Energy Action Limited results disappoint: Should you buy?

Regular readers will know that I’ve long followed the fortunes of an energy broker and energy efficiency company called Energy Action Limited (ASX: EAX). It has, in the past, attracted smart-money hoping to profit from the ongoing electricity price inflation.

The attractions are obvious: the company’s reverse auction platform called the Australian Energy Exchange (AEX) allows clients to procure gas and electricity at the lowest possible prices. The company’s high margin monitoring business helps those customers ensure that they abide by their low-cost energy contract, and keeps tabs on the energy retailers. Finally, when a customer was motivated to reduce energy bills further, Energy Action could provide energy efficiency solutions for them.
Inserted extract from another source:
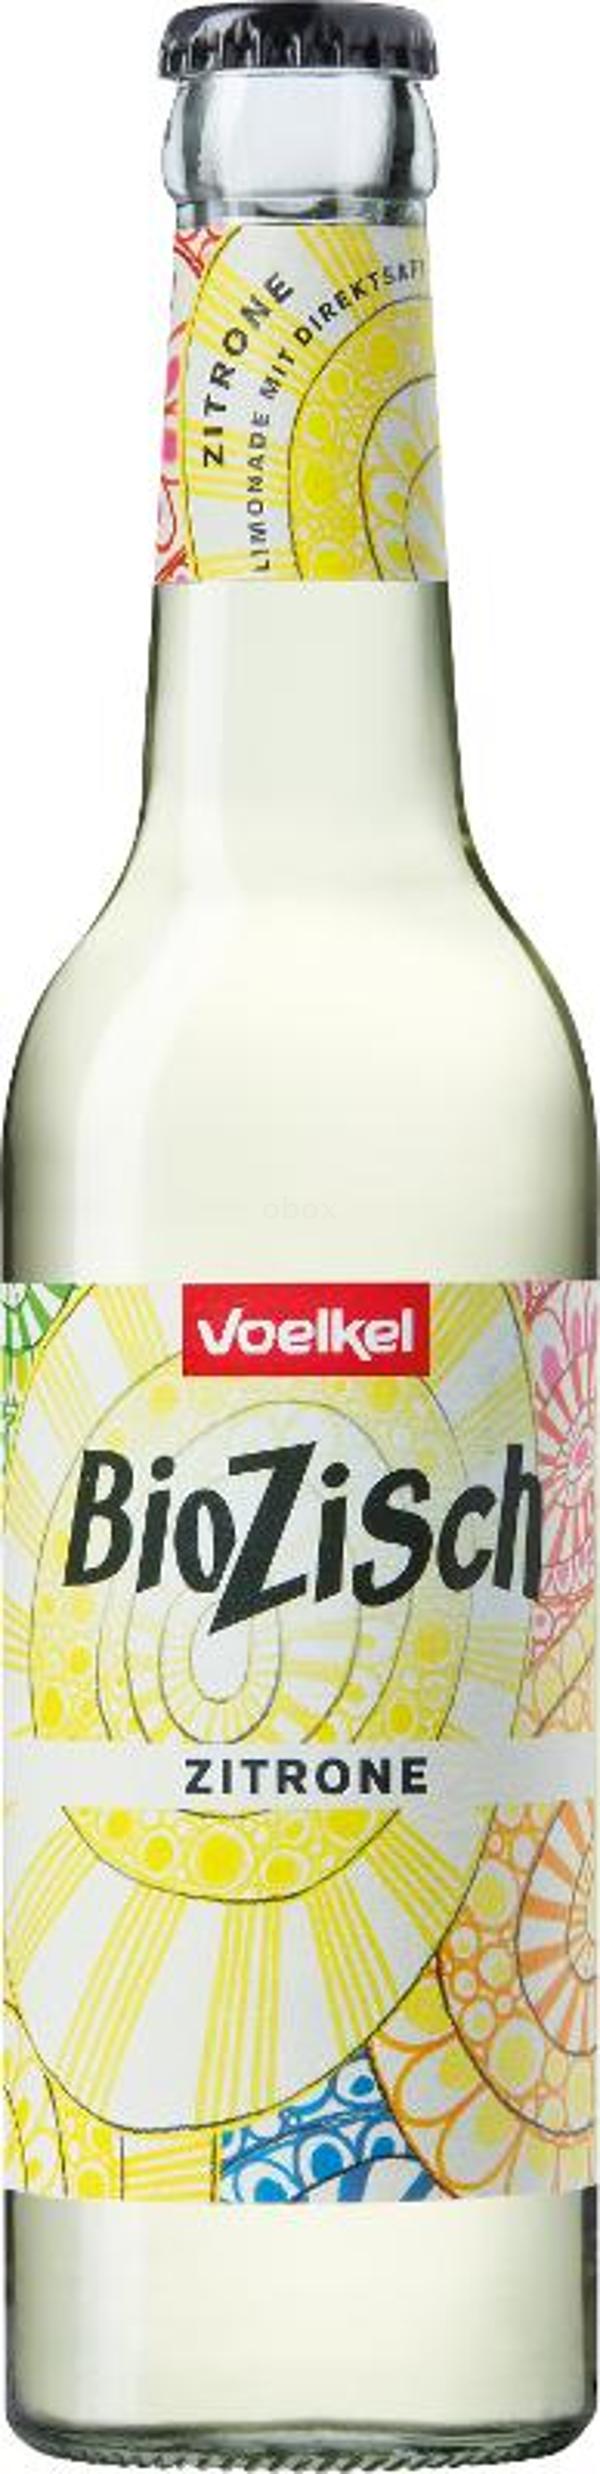 Produktfoto zu Bio Zisch Zitrone 0,33 l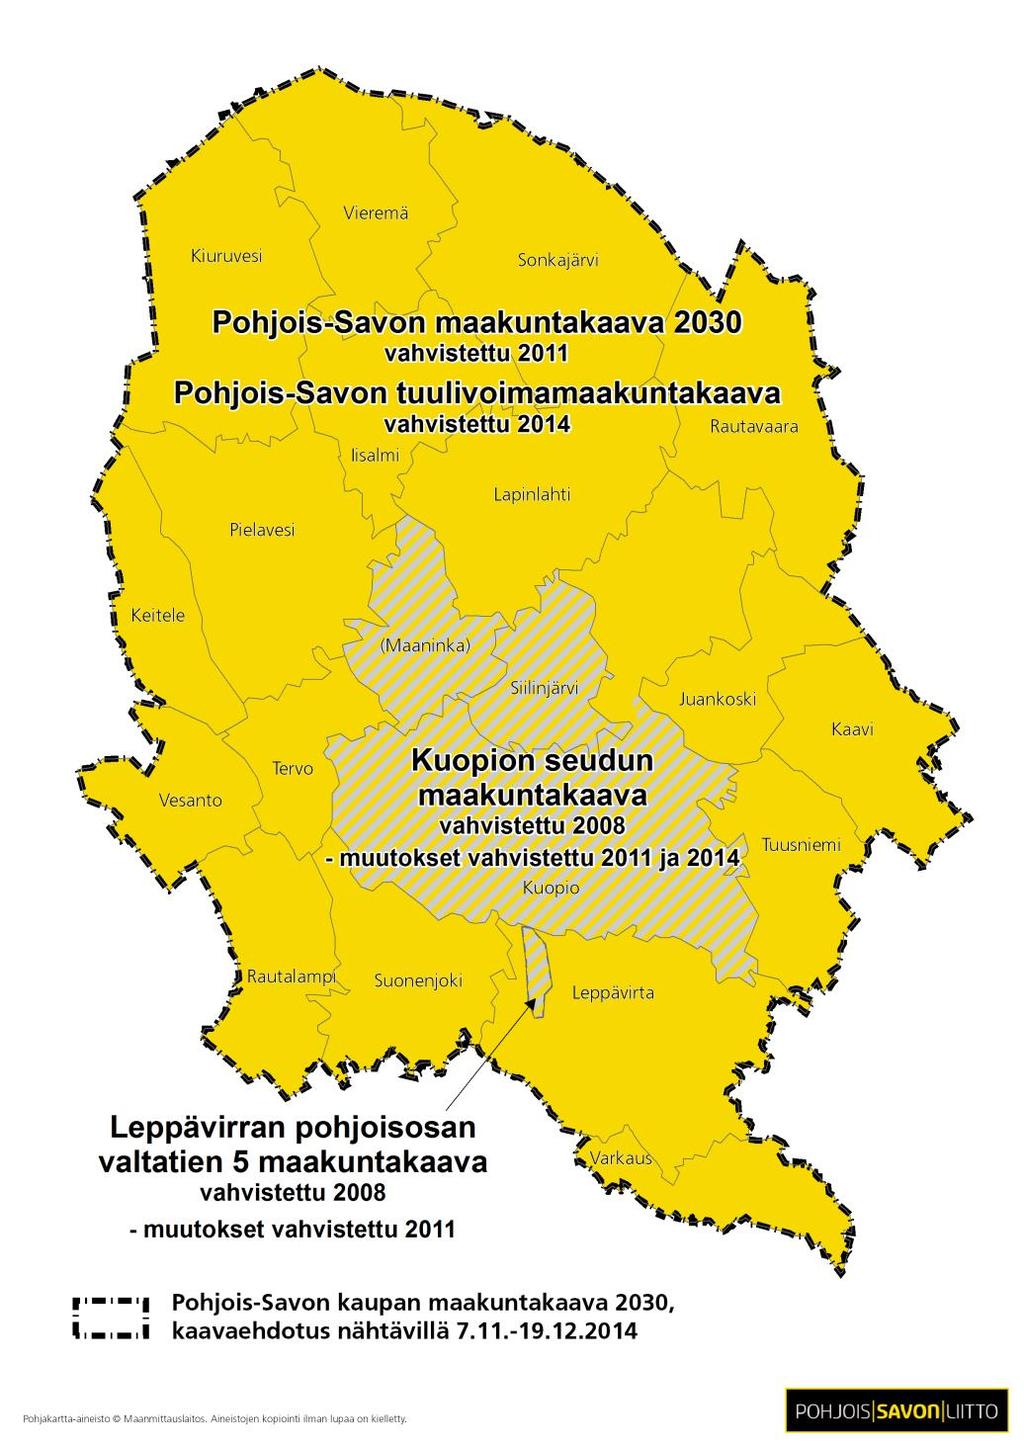 Maakuntakaavoitustilanne Vahvistetut maakuntakaavat Kuopion seudun maakuntakaava Vahvistettu 2008 Leppävirran pohjoisosan valtatien 5 maakuntakaava Vahvistettu 2008 Pohjois-Savon maakuntakaava 2030

The first line of business, the AEX, is fairly low margin, but it provides a clear selling point because it immediately saves customers money. It also gives the company an in, and makes it easier to sell the high margin monitoring services, which cost little extra to replicate. Indeed, both these lines of business require relatively little capital expenditure. Best of all, they provide sticky recurring revenue.

The third line of business – energy efficiency solutions – is a different beast. Because improving energy efficiency usually requires actual hardware, as well as case-by-case analysis, it’s relatively capital intensive. There are no real barriers to entry, and competition is fierce. For example, another ASX-listed company called Ecosave Holdings Ltd (ASX: ECV) also offers somewhat similar services. That company recently informed the market of adverse changes to Victorian government energy efficiency programs. Unlike Energy Action, Ecosave earns revenue from the USA as well as Australia.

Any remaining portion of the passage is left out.